Because blockchains are decentralized entities, they must have some way to agree on the state of the chain without a centralized party. In other words, how does a network of thousands of decentralized nodes decide which transactions are legit?

That is the job of the consensus mechanism. Consensus mechanisms are how blockchain validators trustlessly agree on the digital ledger’s correct shared state to prevent devastating attacks such as a 51% attack. 

Ethereum, Solana, Cosmos, and NEAR all use a variation of the proof-of-stake (PoS) consensus mechanism. 

Ethereum uses the most basic version of PoS. Validators stake 32 ETH for the right to secure the blockchain. If they perform their duties well, they are rewarded with ETH issuance. If they are derelict in their duties or act maliciously, their ETH stake is slashed (taken from them). This ensures that validators are incentivized both positively and negatively to behave correctly. 

Solana uses a consensus mechanism that combines PoS with proof-of-history (PoH). Like Ethereum, Solana is secured by staking validators. However, it has a ‘clock’ that establishes when events happen. This clock is the ‘history’ component. By having this clock, nodes can confirm blocks without having to verify the entire chain beforehand. This reduces consensus overhead and allows for greater network speed and scalability.

Cosmos, because it is a network of independent blockchains, varies widely in its levels of security. However, one common thing among all Cosmos chains is the use of Tendermint Core, a PoS consensus mechanism similar in function to Ethereum’s. 
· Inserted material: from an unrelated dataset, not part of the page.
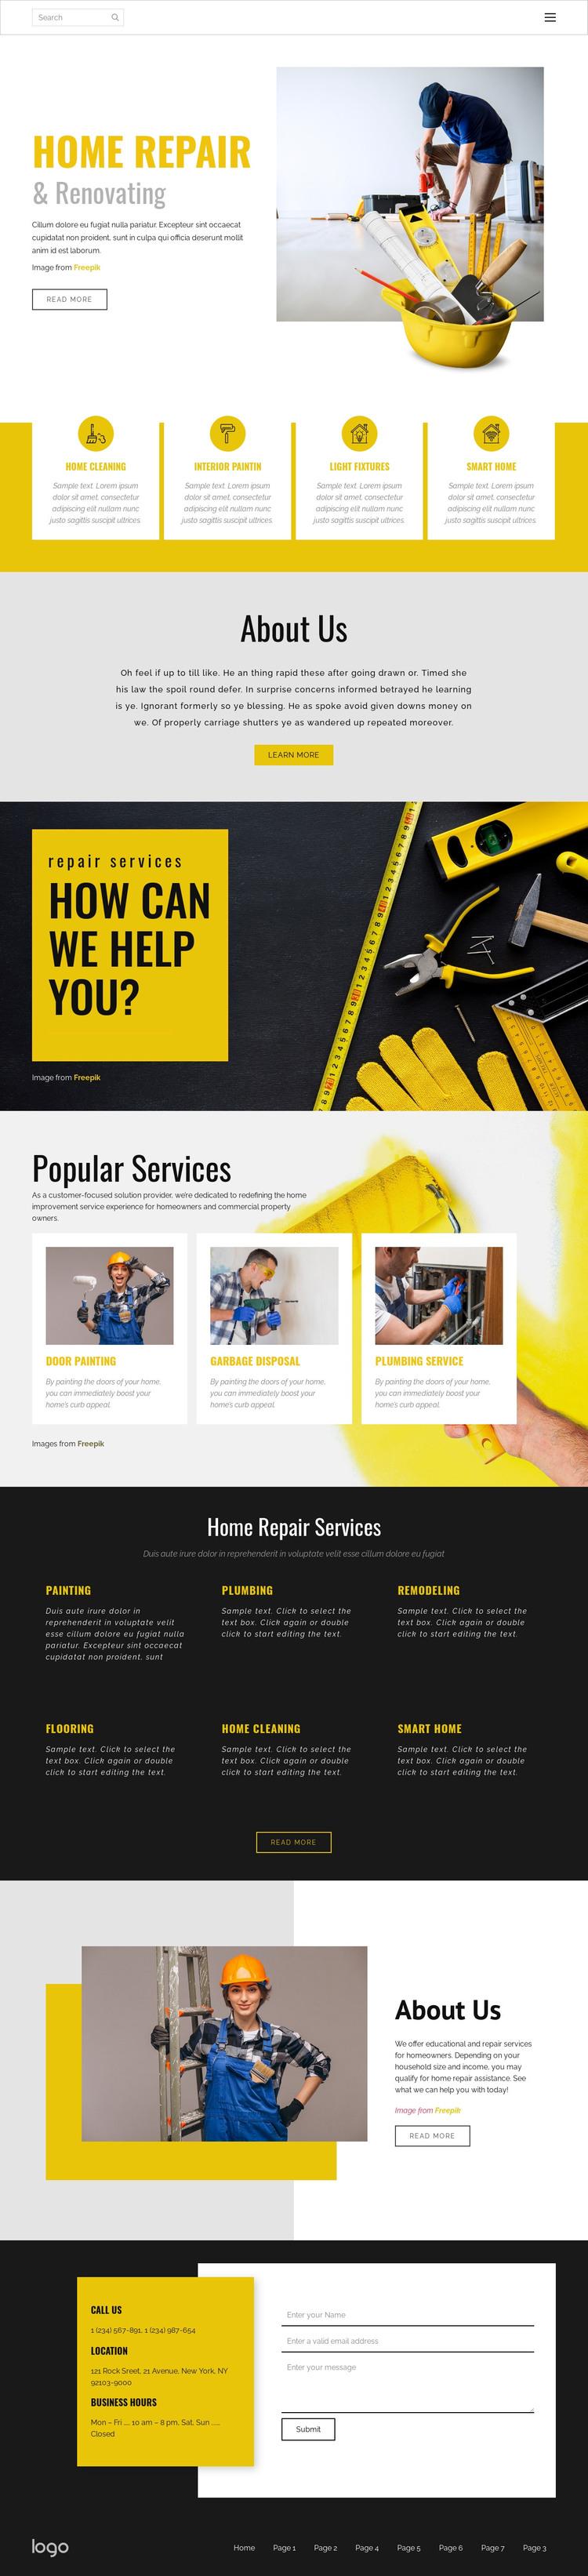 Home renovating technology Web Design

NEAR uses a thresholded PoS consensus mechanism (TPoS). For the most part, TPoS works very similarly to regular PoS. The key difference is that TPoS introduces an election mechanism for choosing validators. Basically, an auction system for picking validators in which the winner receives the most rewards. The advantage of this election system is that it prevents pooling and forking. 

The level of decentralization is crucial to a blockchain’s security. The more decentralized a blockchain is, the harder it is to attack. 

In this regard, it appears to be challenging to beat Ethereum. With over 500,000 validators securing the chain, Ethereum is the most decentralized L1 by a country mile. However, there is more than meets the eye here. 52% of staked ETH is controlled by the top 3 validators: Lido, Coinbase, and Kraken. This means that an attacker only needs to control three validators to control the chain. Considering that these three validators are easily accessible by a party such as the U.S Government, this is quite unsettling.

Solana only has 2,000 validators. Besides being a centralization risk, this has also led to constant network outages. Without a wide set of validators to handle transactions, the network cannot handle periods of intense congestion. 

Because Cosmos is not a single chain, it isn’t easy to comment on its decentralization. However, it is well known that some app-chains are more decentralized than others. This is because Cosmos provides no assistance in bootstrapping a set of validators, leaving many app-chains out in the cold when it comes to decentralization and security. Fortunately, this is changing with the release of Interchain Security, which will allow Cosmos app-chains to lease security from the Cosmos Hub.

With only 200 validators, NEAR is even less decentralized than Solana. Making matters worse is that the top 16 validators control over 50% of the stake, making NEAR vulnerable to similar censorship concerns as Ethereum. 

Programming Language

Unfortunately, human mistakes in coding are a common culprit behind hacks and exploits. Sometimes, like in the case of the BNB Bridge hack, one or two simple mistakes lead to hundreds of millions of user funds lost.

That is why the choice of programming language is crucial to the security of the blockchain. The ideal language is familiar, easy to learn, and easy to use for developers. The better the language, the more secure the network. 

Ethereum uses a mix of custom-built programming languages, including Vyper, Yul/Yul+, and Fe. However, Solidity is the most used language by far. Solidity does its job well, but as it pertains to developer familiarity and ease of use, it could be better, with it typically taking months before a new developer has reached any level of competency. 

In contrast, Solana uses the more established and familiar languages C, C++, and Rust. Obviously, this is better for developers.

Cosmos has a variety of programming languages available to developers. The pre-made Cosmos SDK is written in Go, which is described as being syntactically similar to C. For greater flexibility, Cosmos also enables smart contracts written in Java, Rust, and Solidity. 

NEAR also uses popular programming languages Rust and Java, while also boasting an extremely robust smart contract auditing program. When it comes to developer friendliness, it’s hard to top NEAR.

No blockchain is perfect, and no blockchain is 100% flawed. 

Ethereum, Solana, Cosmos and NEAR all have their unique strengths and weaknesses, and that’s ok. It is still so early in the life of cryptocurrencies. Security issues will be ironed out over time, and any hack and exploit right now is merely a painful learning lesson.

We are immensely excited to see where these four L1s go from here.